Иса, ворча что‑то себе под нос, стал совершать намаз. Склонил голову к земле. А уж если мусульманин молится, то тут хоть стреляй в него, он не встанет, не нарушит молитву. Абдулатипу только и нужно это было. Незамеченный, он шмыгнул к двери и в два прыжка оказался на улице. Со всех ног бросился к дому лудильщика.

Открыв ворота в дом Нуруллы, он чуть не вскрикнул от неожиданности. Что тут творилось… По двору разбросаны инструменты: вот молоток, которым он всегда работал, вот разрезанные шашкой кузнечные мехи. В грязи блестят куски олова. Значит, успели мюриды уже побывать здесь. Абдулатип вбежал в комнату. В углу сидел^ заплаканный Шамсулвара.

– Не плачь, – тряс его за плечо Абдулатип, – расскажи лучше, что было.
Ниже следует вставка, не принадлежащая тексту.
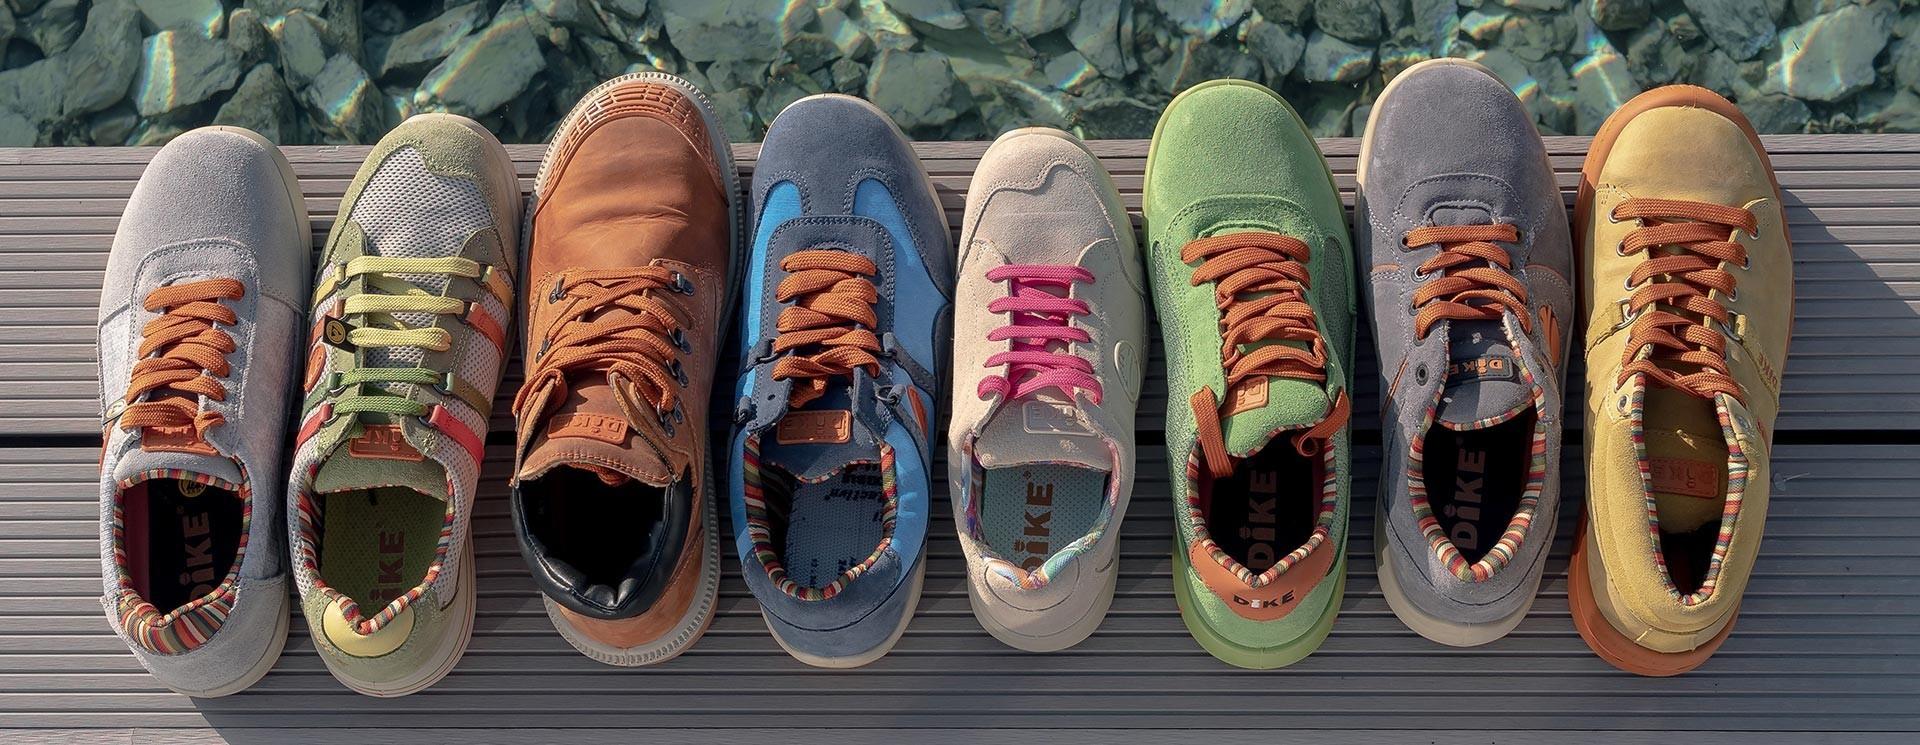 Zapatos de seguridad y botas de trabajo | Dike
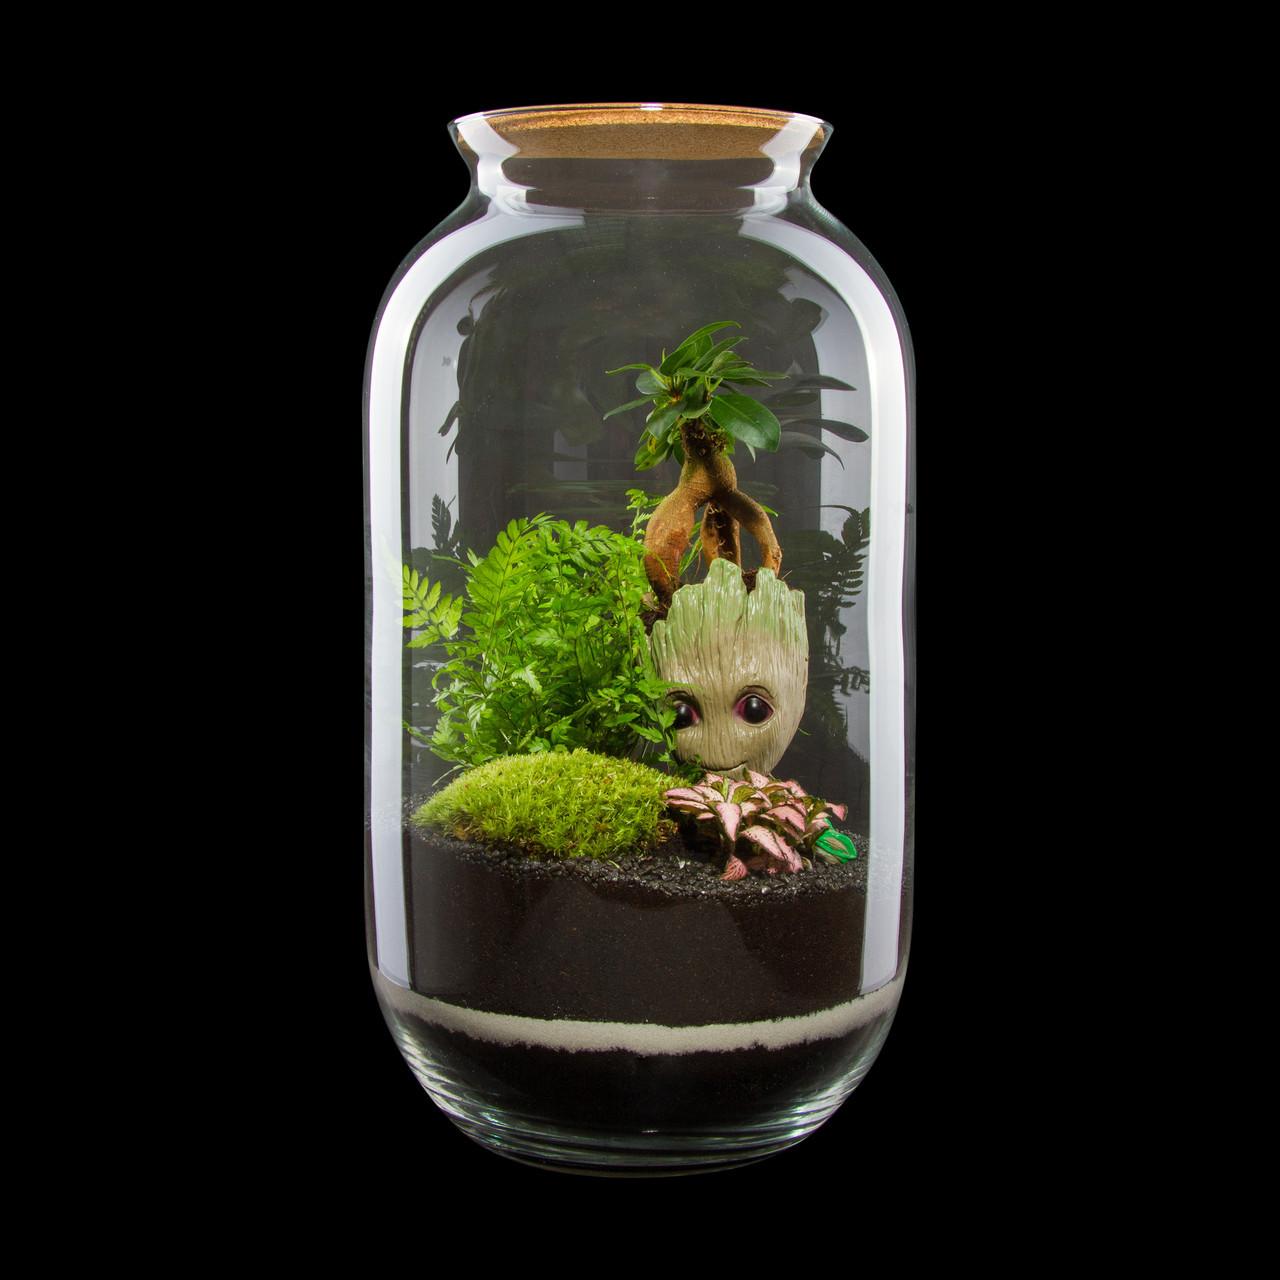 Оригінальний флораріум в банку з малюком Грутом Ф1

– Мы спали ночью, а тут вдруг они ворвались и стали все шашками рубить. А отца связали и повели, – плача, рассказывал Шамсулвара. – Все кричали: «Большевистская сволочь». Отец просил хотя бы инструменты не трогать, а один из них сказал: эти инструменты хуже всякого оружия. И меня ударил сапогом, вот. – Только сейчас Абдулатип заметил, что левый глаз у друга совсем затек. В полутьме он не сразу разглядел его лицо.

– Кто это тебя?

– Этот, как его… Гусейн, брат твоей мачехи, твой дядька. Он и мехи сорвал, и шашкой их разрубил.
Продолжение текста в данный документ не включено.